The fair value option brings consistency in the accounting and evaluation of
these investments. All investments (debt and equity) in such private equity
and real estate entities are accounted for at fair value. These investments are
classified as Investments on Citigroup’s Consolidated Balance Sheet.
Citigroup also holds various non-strategic investments in leveraged
buyout funds and other hedge funds for which the Company elected fair
value accounting to reduce operational and accounting complexity. Since
the funds account for all of their underlying assets at fair value, the impact
of applying the equity method to Citigroup’s investment in these funds was
equivalent to fair value accounting. These investments are classified as Other
assets on Citigroup’s Consolidated Balance Sheet.
Changes in the fair values of these investments are classified in Other
revenue in the Company’s Consolidated Statement of Income.
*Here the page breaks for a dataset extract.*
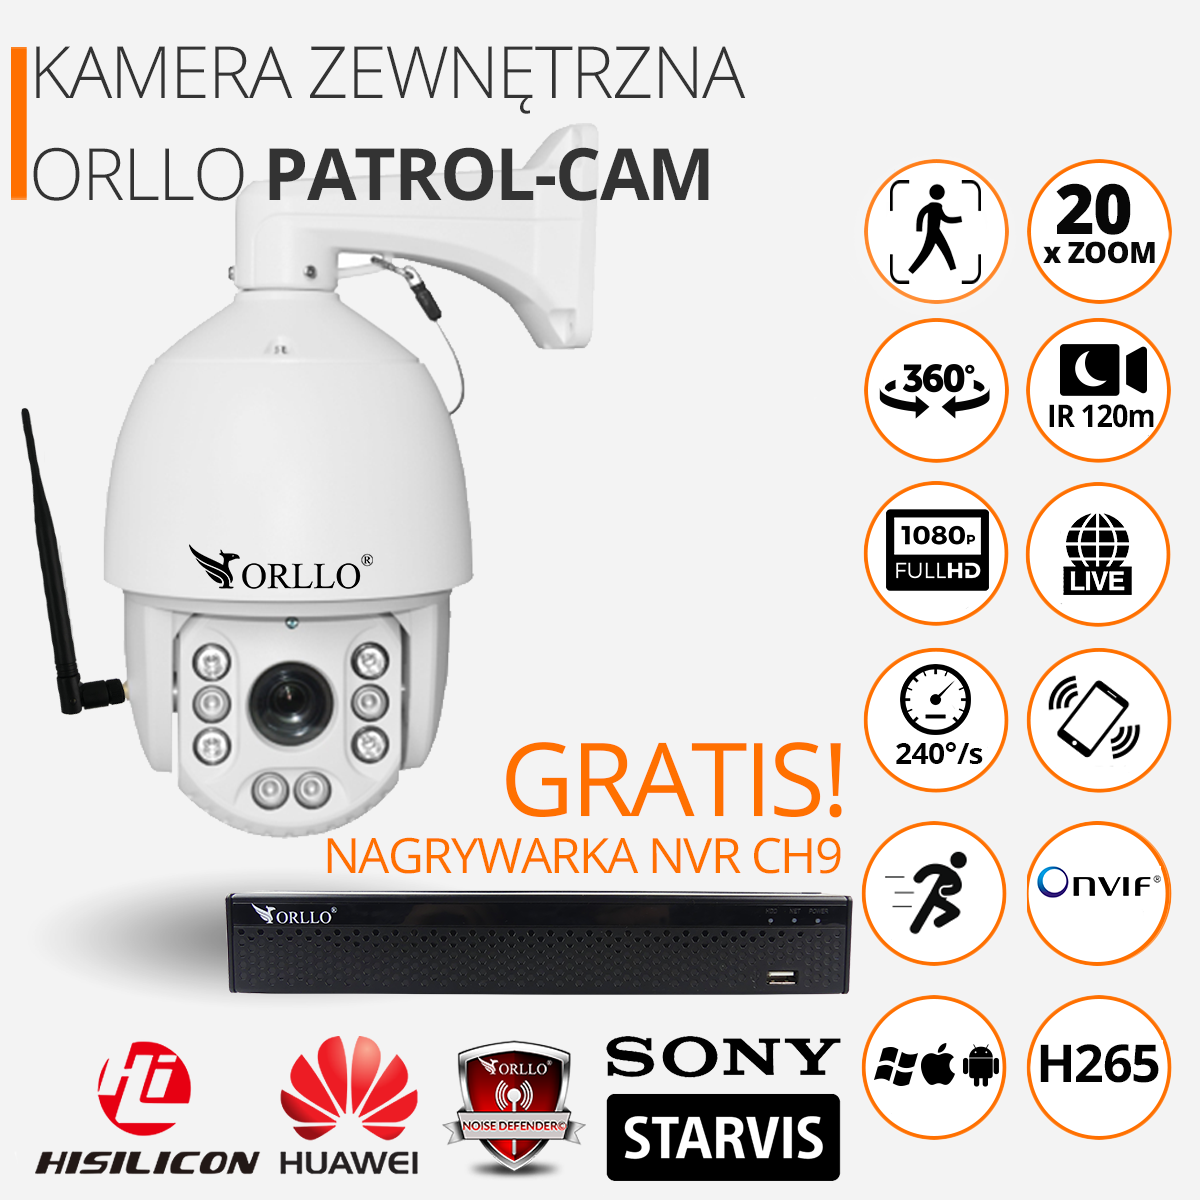 kamera podązajaca za ruchem obrotowa z zoom orllo.pl

Citigroup also elects the fair value option for certain non-marketable
equity securities whose risk is managed with derivative instruments that are
accounted for at fair value through earnings. These securities are classified as
Trading Assets on Citigroup’s Consolidated Balance Sheet. Changes in the fair
value of these securities and the related derivative instruments are recorded
in Principal transactions.
Certain mortgage loans (HFS)
Citigroup has elected the fair value option for certain purchased and
originated prime fixed-rate and conforming adjustable-rate first mortgage
loans HFS. These loans are intended for sale or securitization and are hedged
with derivative instruments. The Company has elected the fair value option
to mitigate accounting mismatches in cases where hedge accounting is
complex and to achieve operational simplifications.
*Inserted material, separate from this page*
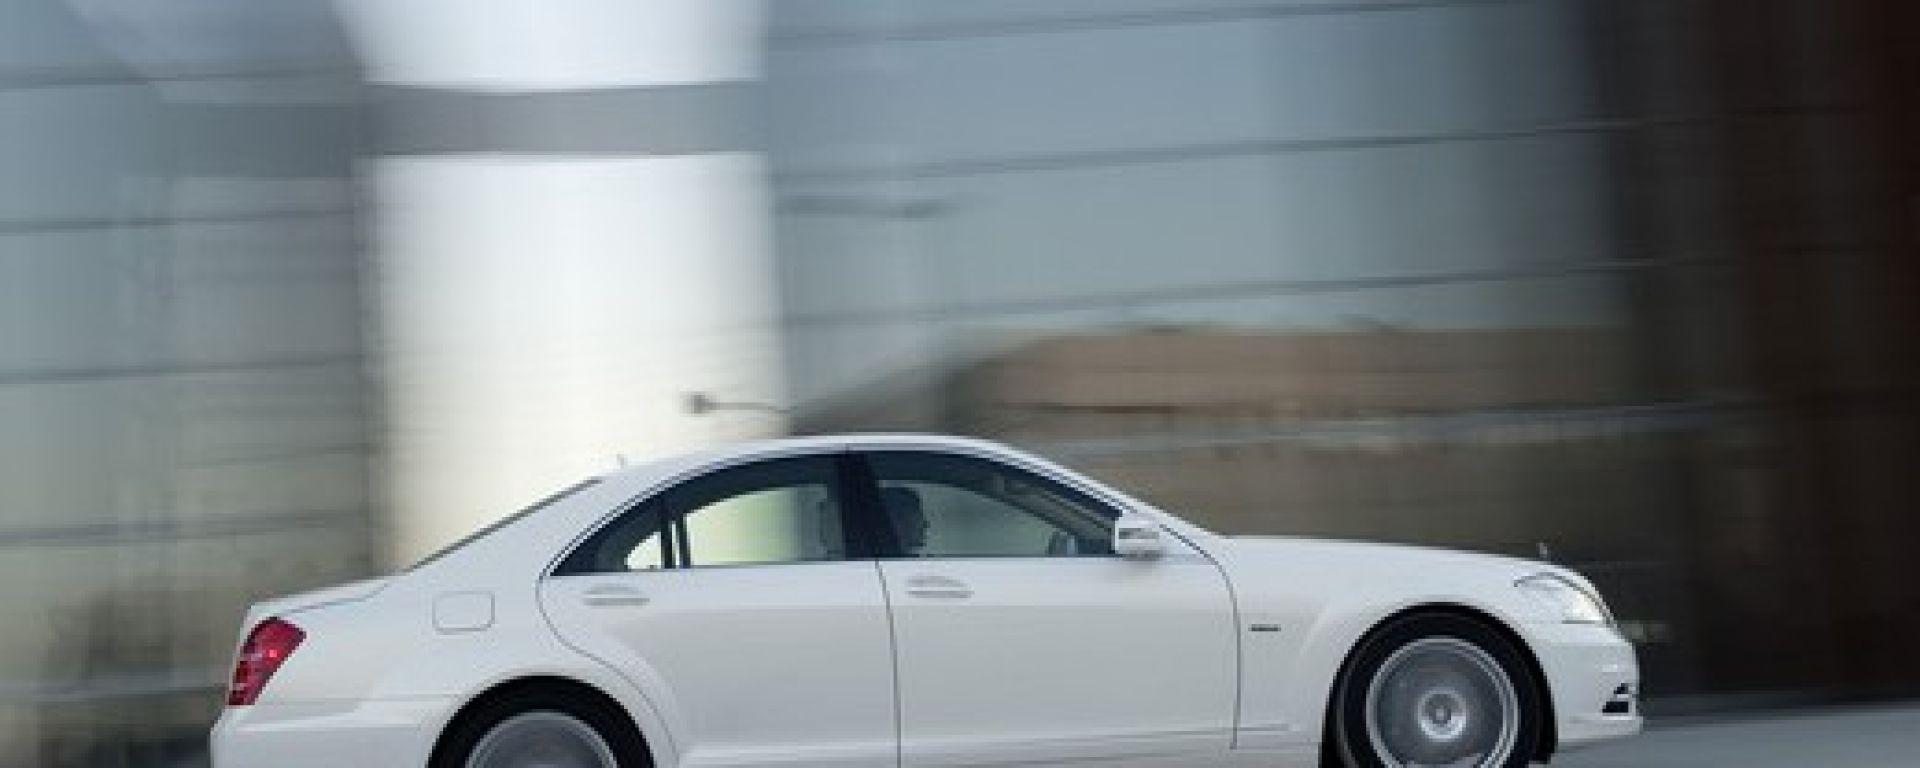 Mercedes Classe S 2009

The following table provides information about certain mortgage loans HFS carried at fair value at December 31, 2013 and 2012:
In millions of dollars December 31, 2013 December 31, 2012
Carrying amount reported on the Consolidated Balance Sheet $2,089 $6,879
Aggregate fair value in excess of unpaid principal balance 48 390
Balance of non-accrual loans or loans more than 90 days past due
Aggregate unpaid principal balance in excess of fair value for non-accrual loans or loans more than 90 days past due
The changes in fair values of these mortgage loans are reported in Other
revenue in the Company’s Consolidated Statement of Income. There was no
net change in fair value during the years ended December 31, 2013 and 2012
due to instrument-specific credit risk. Related interest income continues to
be measured based on the contractual interest rates and reported as Interest
revenue in the Consolidated Statement of Income.
Certain consolidated VIEs
The Company has elected the fair value option for all qualified assets
and liabilities of certain VIEs that were consolidated upon the adoption
of SFAS 167 on January 1, 2010, including certain private label mortgage
securitizations, mutual fund deferred sales commissions and collateralized
loan obligation VIEs. The Company elected the fair value option for these
VIEs, as the Company believes this method better reflects the economic risks,
since substantially all of the Company’s retained interests in these entities are
carried at fair value.
With respect to the consolidated mortgage VIEs, the Company determined
the fair value for the mortgage loans and long-term debt utilizing internal
valuation techniques. The fair value of the long-term debt measured using
internal valuation techniques is verified, where possible, to prices obtained
from independent vendors. Vendors compile prices from various sources and
may apply matrix pricing for similar securities when no price is observable.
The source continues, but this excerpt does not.